Monday, March 12, 2018
A month at the movies #12: Man On Fire
We lost Tony Scott a few years ago now and that loss is really starting to bite now, because while watching Man On Fire for the 12th time recently, it became obvious there is nobody else like him left in the modern film industry.
Man On Fire has a totally generic story of revenge, but is a fucking bazooka of a film. A lot of this is, admittedly, due to Denzel Washington once again giving Scott one of his electrifying performances, but it's also largely due to Scott's omnipresent approach to film-making and his willingness to throw in any cinematic trick he can think of to jazz up the story, and give this hoary cliche of a plot a new kick.

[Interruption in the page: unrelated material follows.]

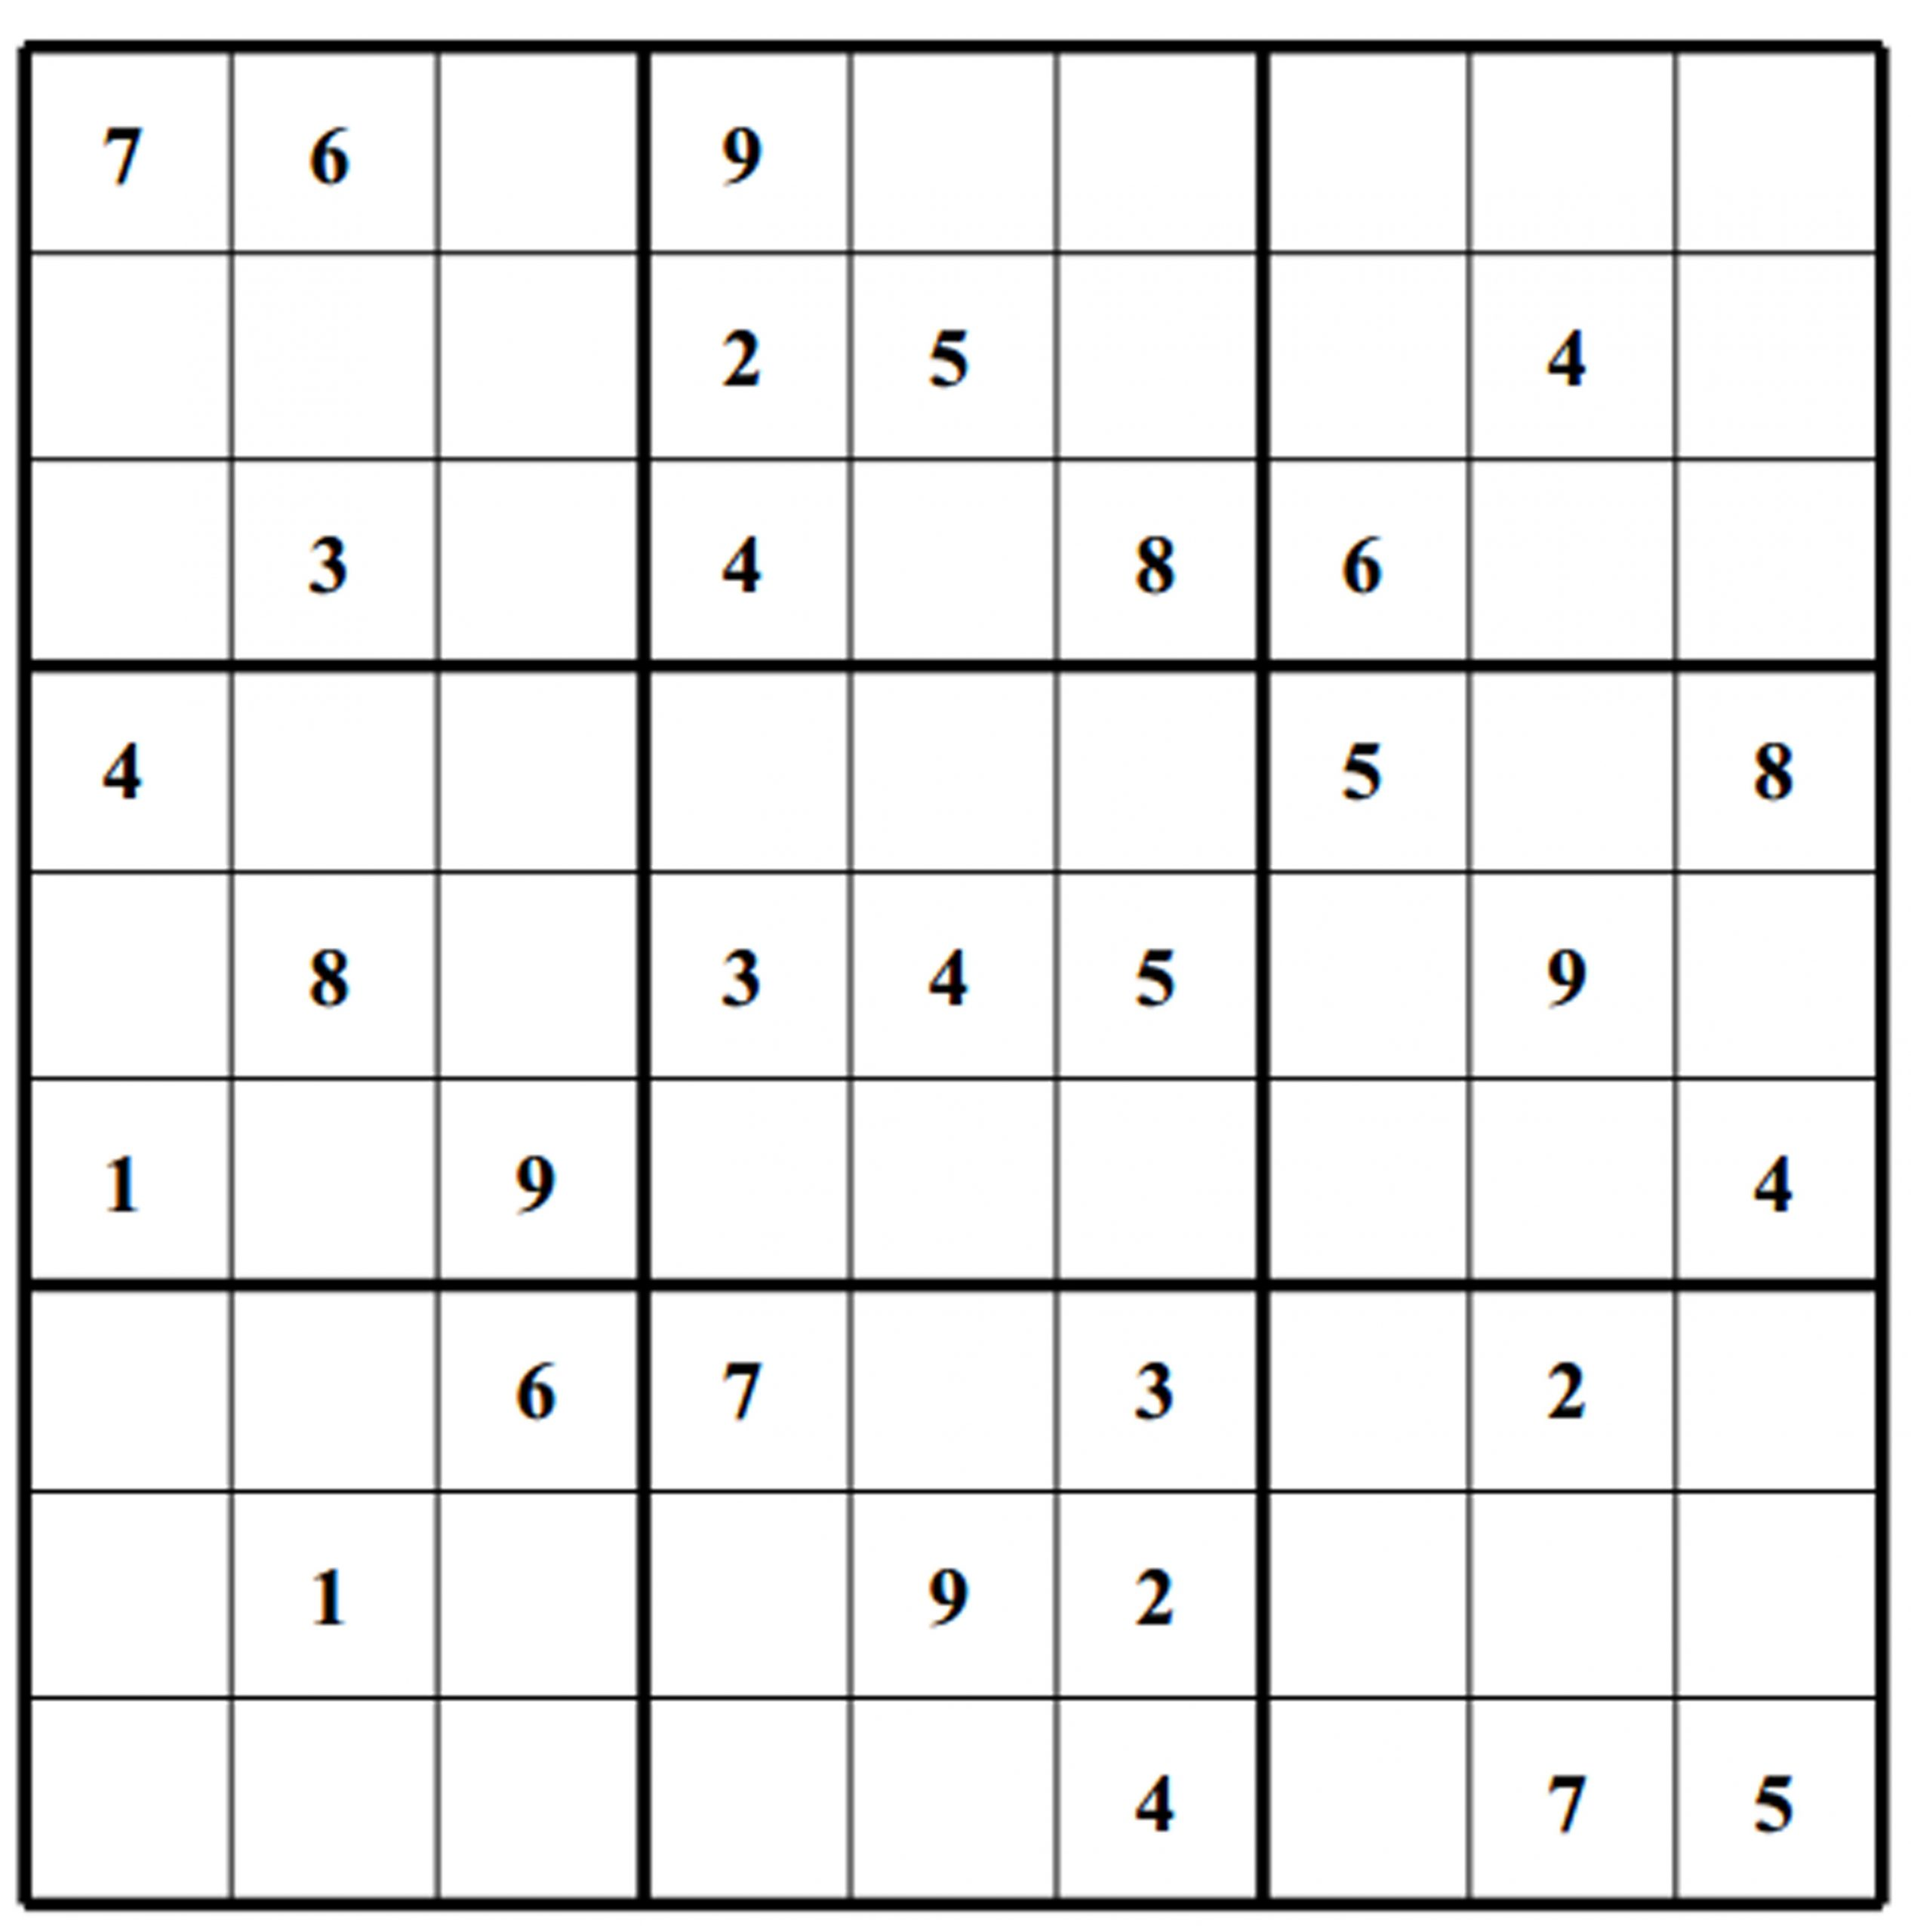 Free Sudoku Puzzles | Enjoy Daily Free Sudoku Puzzles From

This overdose of pure, undiluted style is a signature of Scott's films, it was there in The Hunger, and it was there is every other film he made over the next 30 years. Even when it got overwhelming - and it could, with things like Domino almost choking on a desperate hunt for intensity - it was never, ever boring.

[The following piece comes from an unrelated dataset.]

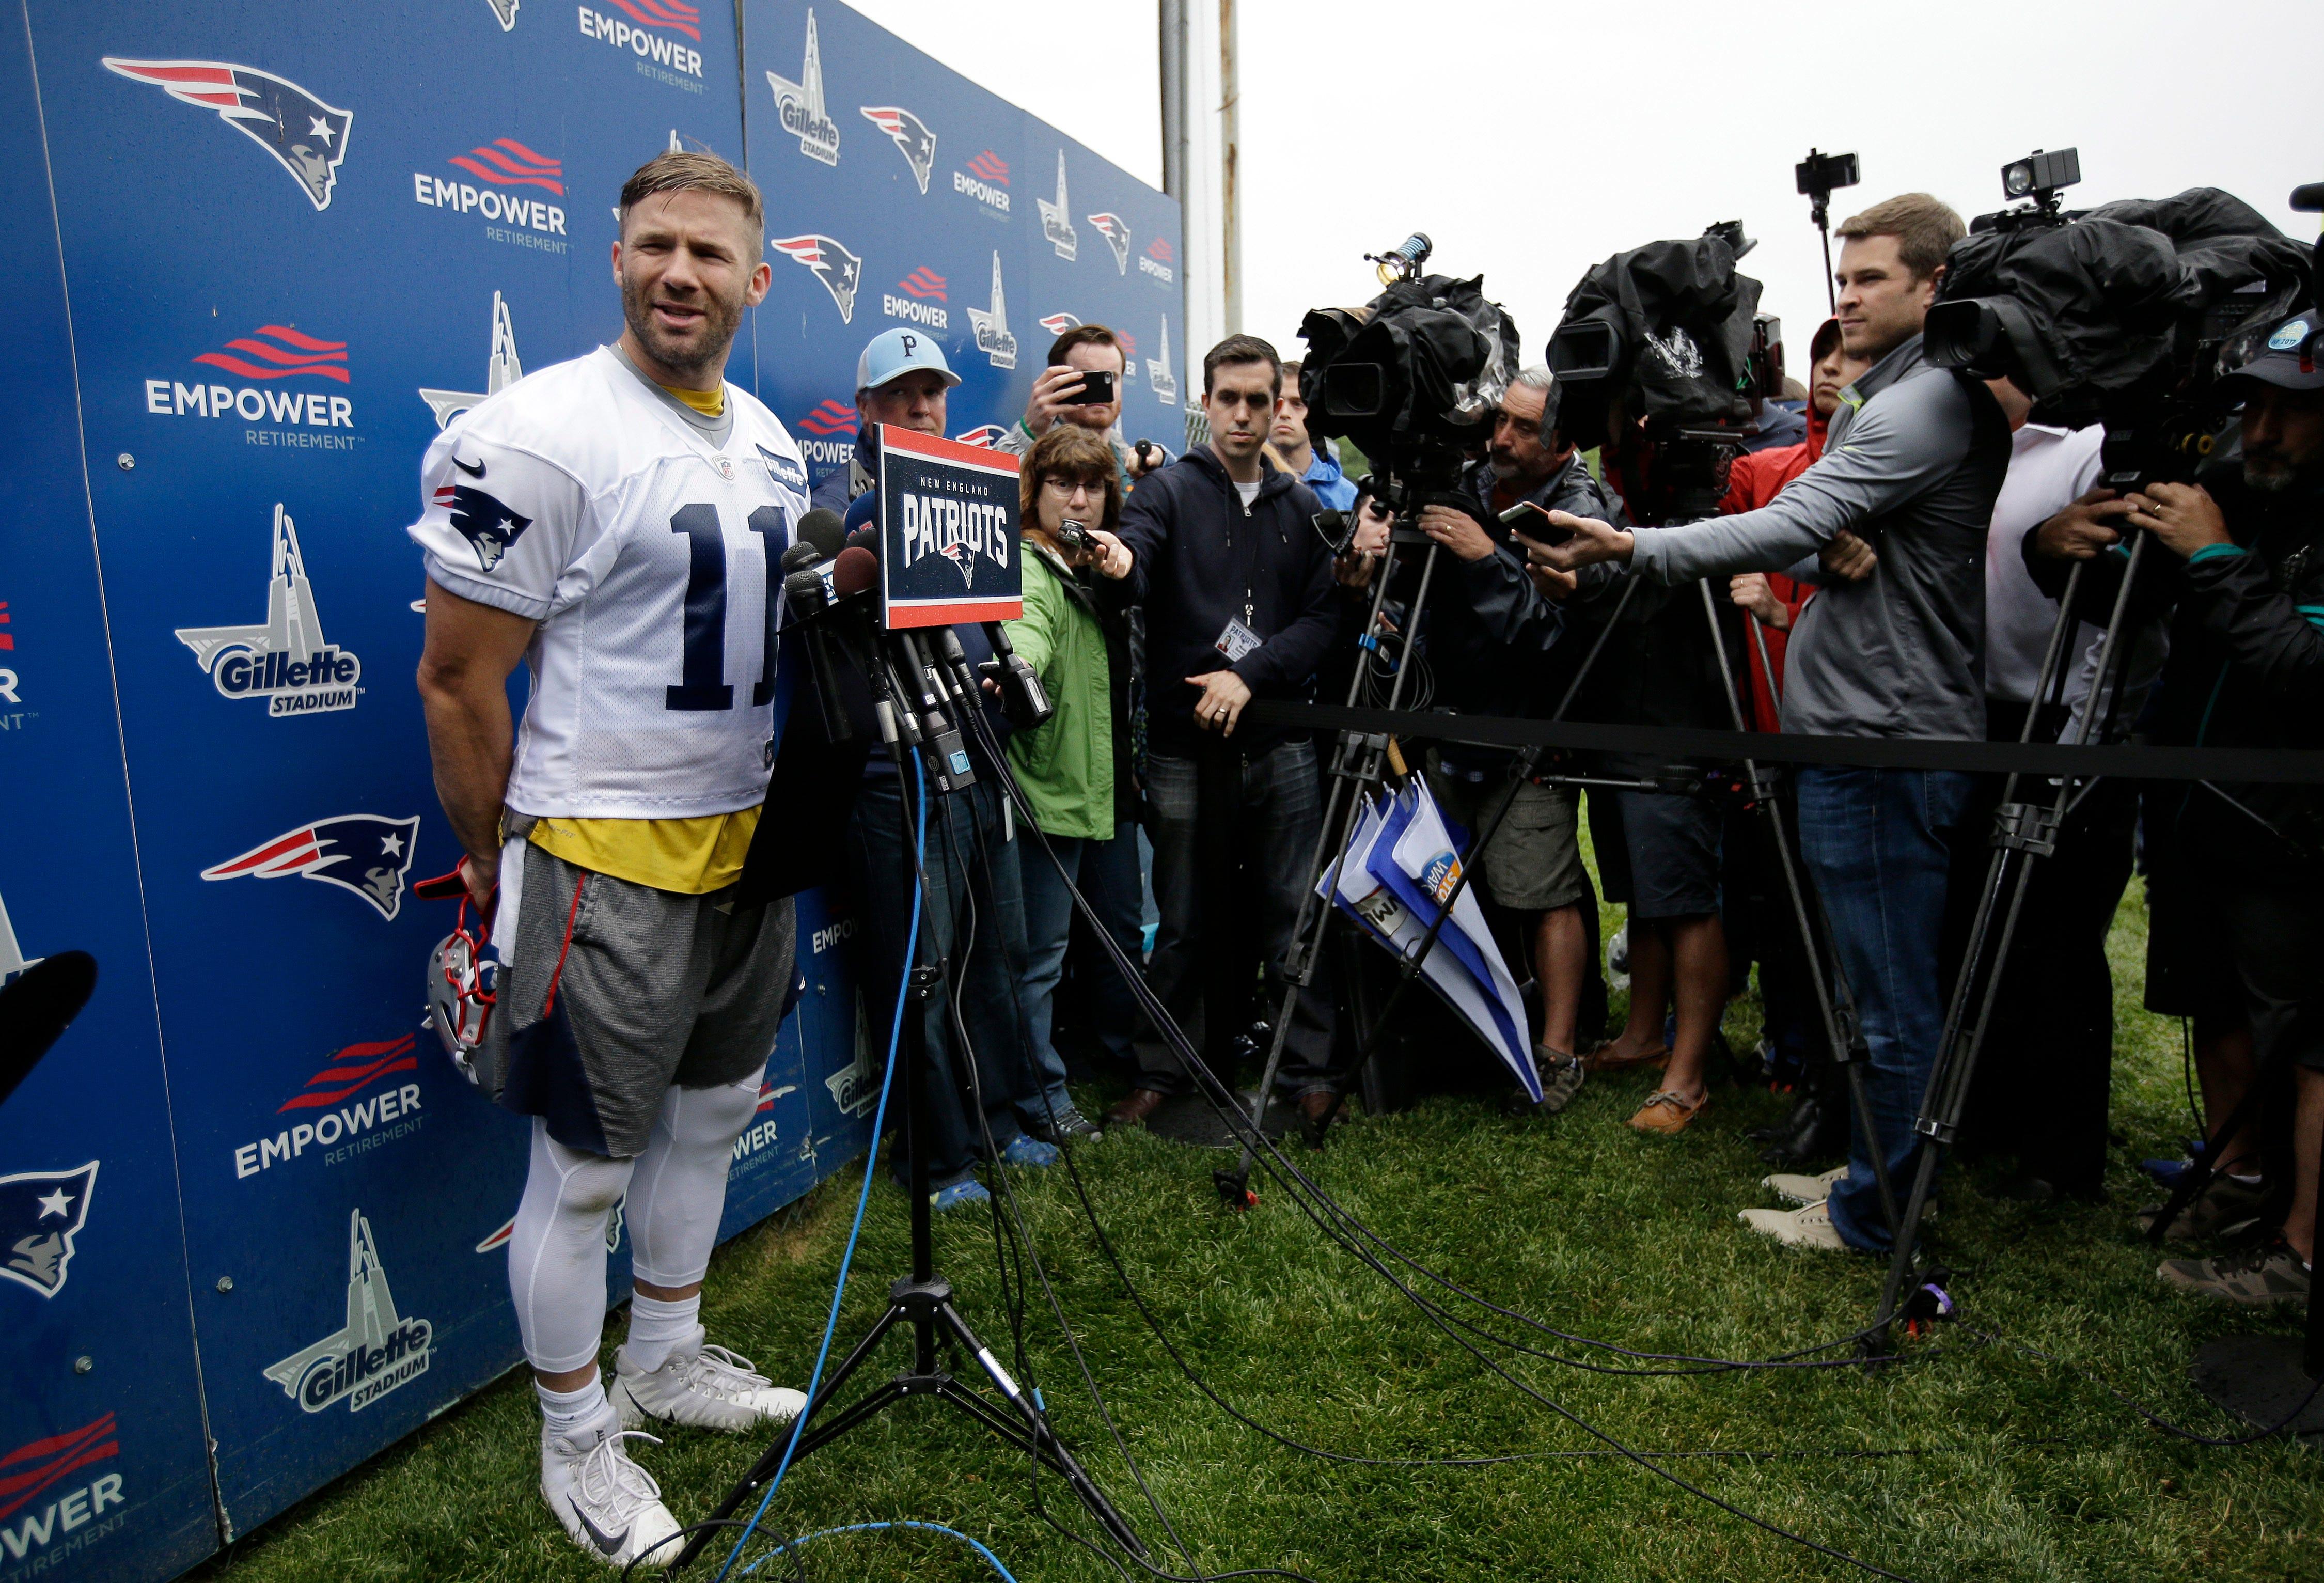 Gronk, Brady return to field as Patriots open minicamp

And for somebody who could get so experimental with his movies, he was unashamedly making mass-market entertainment, designed for the absolutely widest audience possible. He shoved a spike into the zeitgeist with Top Gun and was always taking on projects that were made for everybody, not just film-literate snobs or stoned teenagers with short attention spans.
But this is where his loss is really felt, because there isn't any other young filmmakers coming through who have the same drives that Tony Scott had. There are plenty of directors trying to be Scorsese or Coppola or Fincher, and literally dozens trying to be Spielberg. There are several directors who are following big brother Ridley's examples, and there are even some mad souls trying to be the next DePalma (a lesson in futility, because there is only one DePalma).
But there is nobody like Tony Scott anymore. He never really got the respect that his brother had, but he was a unique director, who can never be replaced.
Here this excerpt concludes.